New cities emerge as property hotspots as investors turn their backs on London

Lack of capital gains in London

But what is most likely to turn investors away from London is the predicted lack of capital gains in the city over the next few years. Savills has predicted that in the next five years, London property will rise in price by just 20 per cent, less than half of the 52 per cent long-term average experienced between 1979 and 2014.

This lack of capital gains potential, along with the value that can be found elsewhere, is one of the main reasons investors are now turning their back on London. Quite simply, London’s loss has been Liverpool’s gain, Manchester’s gain, and the regions’ gain in general. Investors have started to see the potential that these areas have, and they are turning their attention there rather than looking at traditional markets.

Northern Powerhouse demand - luxury

Strong regional growth

It’s a trend that has been growing since 2013, when the number of sales in regional cities started to climb markedly. Hometrack’s latest property index shows that since that year, there has been a rise of 40 per cent in the number of homes bought in the regional cities. This is largely down to the rise in sentiment towards these places from investors who would previously have spent in London.

Liverpool, across the last 12 months, has seen a rise of eight per cent in the number of properties sold, putting it ahead of all other areas nationwide, as the Merseyside city becomes the UK’s number one property hotspot, buoyed by increasing demand, stronger business start numbers and a higher influx of skilled workers.

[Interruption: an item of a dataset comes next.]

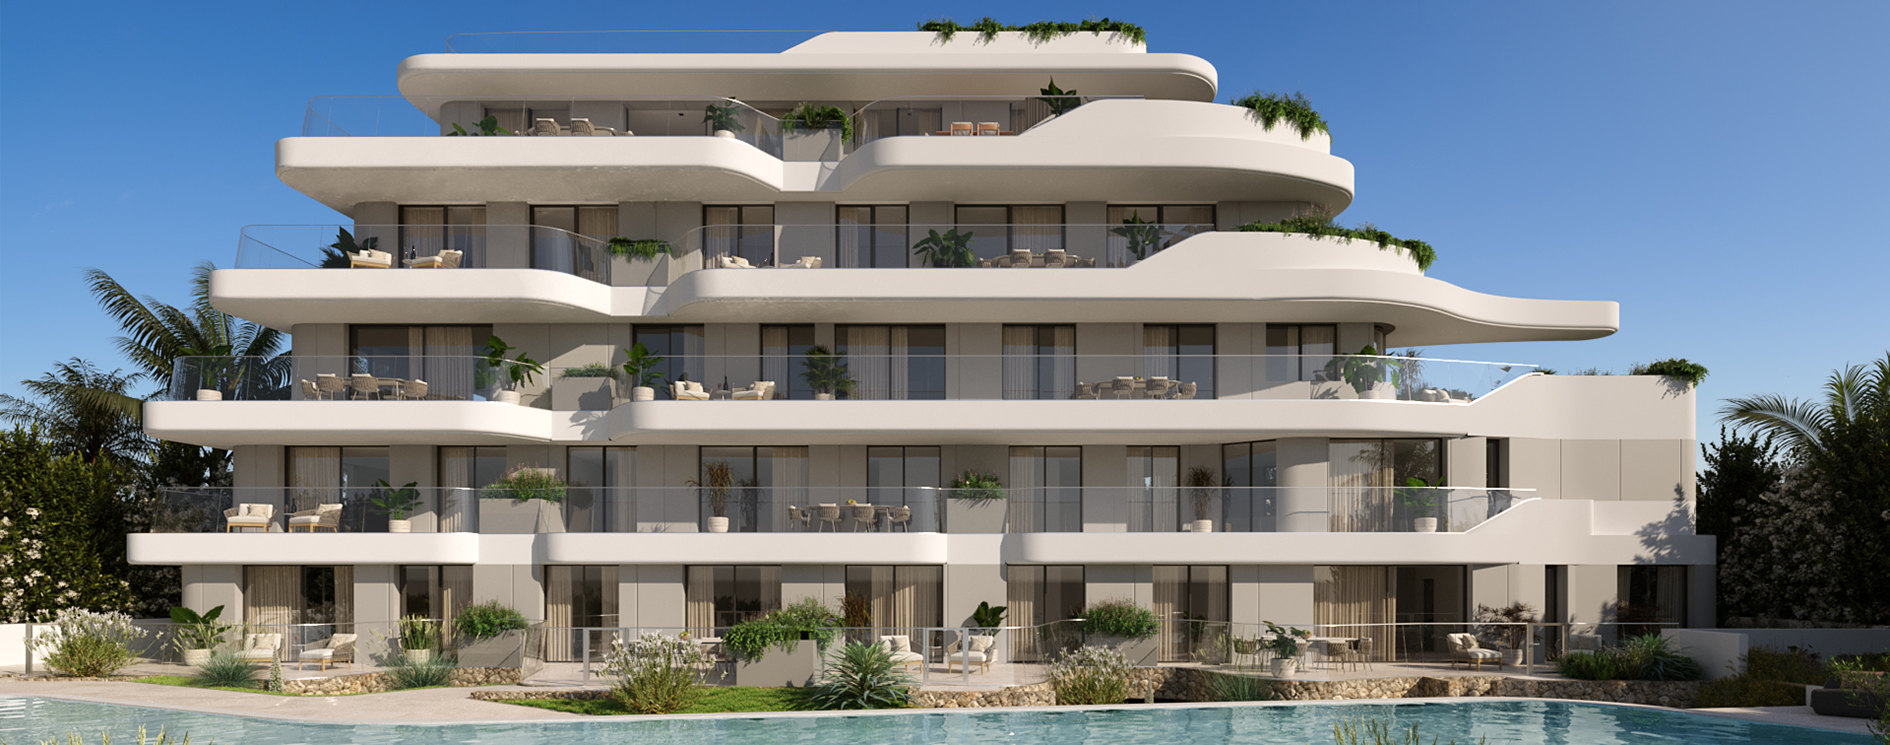 Building permit granted: THE ONE BY ELEMENTS, IBIZA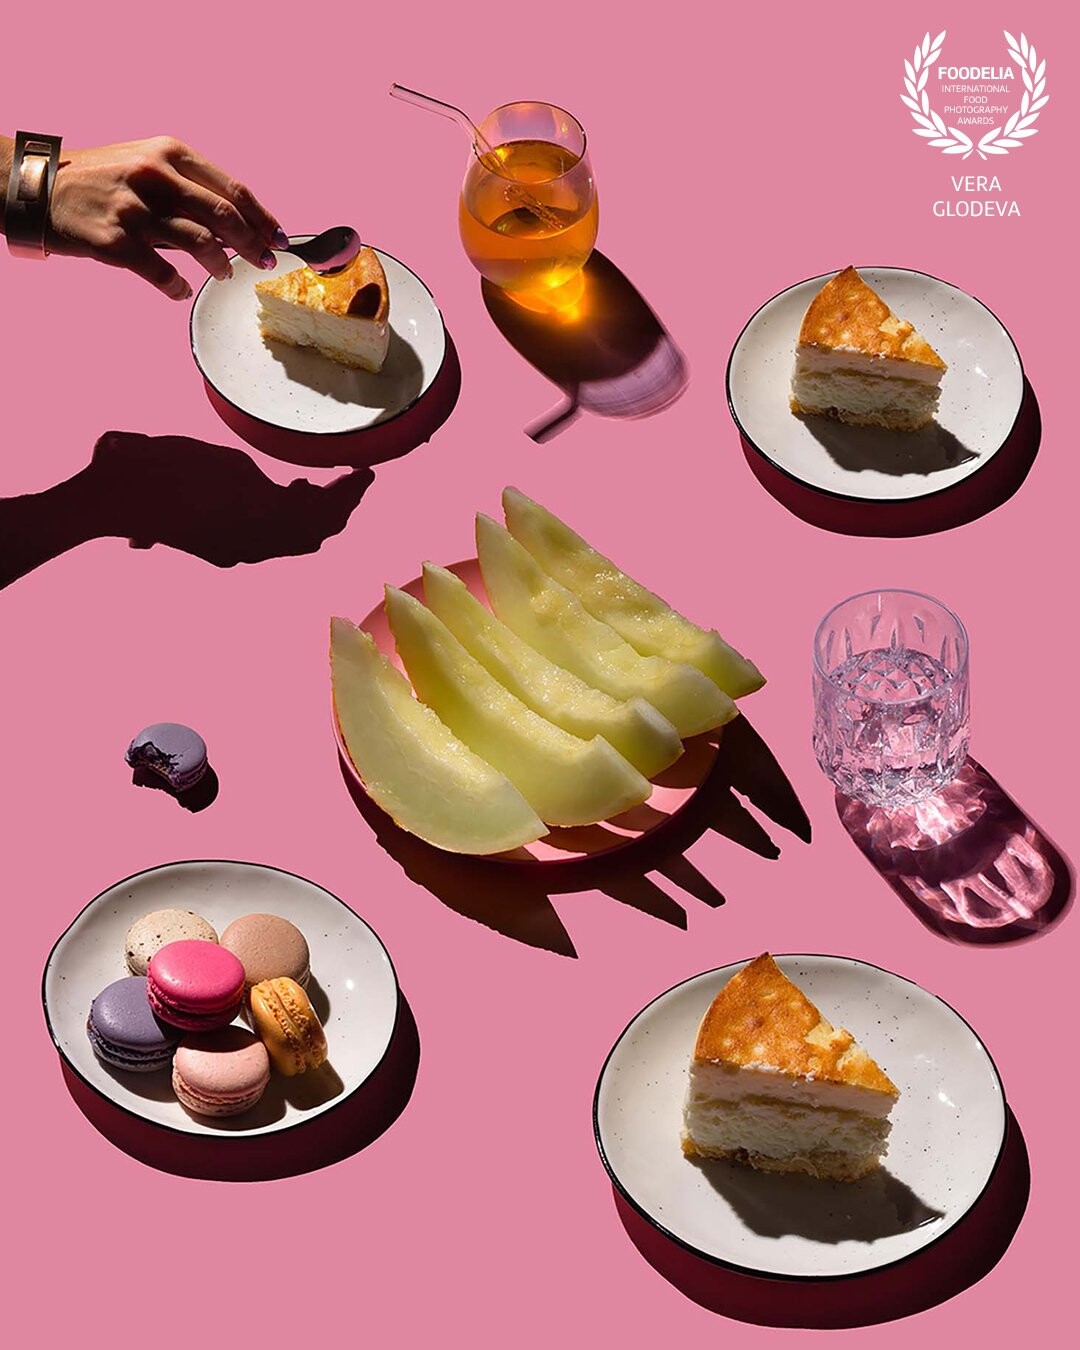 This is a story about an attractive sweet lunch that beckons us with its desserts and bright melon and inspires us with its reflections and shadows.

And it’s not hard to see why this desire to invest in the north continues to rise. In Manchester, property prices have increased by 8.8 per cent in the last year alone, and Liverpool is not far behind. The two cities have been at the centre of the Northern Powerhouse project over the last few years, and the boost that this has given both has clearly not gone unnoticed by investors. When these price rises are coupled with stonger demand for rented homes, it’s not hard to see why investors now value Liverpool and Manchester highly.

In Liverpool alone, there was a rise of 22 per cent in the number of start-up business in the first quarter of this year, while Manchester has become one of the UK’s most prominent tech hubs in recent times. This rise in business numbers helps attract more young, skilled people to the cities, which also helps fuel the exodus that has been seen from London in the last few years.

What this does is move the demand away from the capital. With fewer skilled workers moving to London as a result of the business boom in the regions, investors are aware of a falling demand for rental property there. And as these people increasingly move to other cities, investors are acutely aware of where they need to put their money in order to make stronger returns.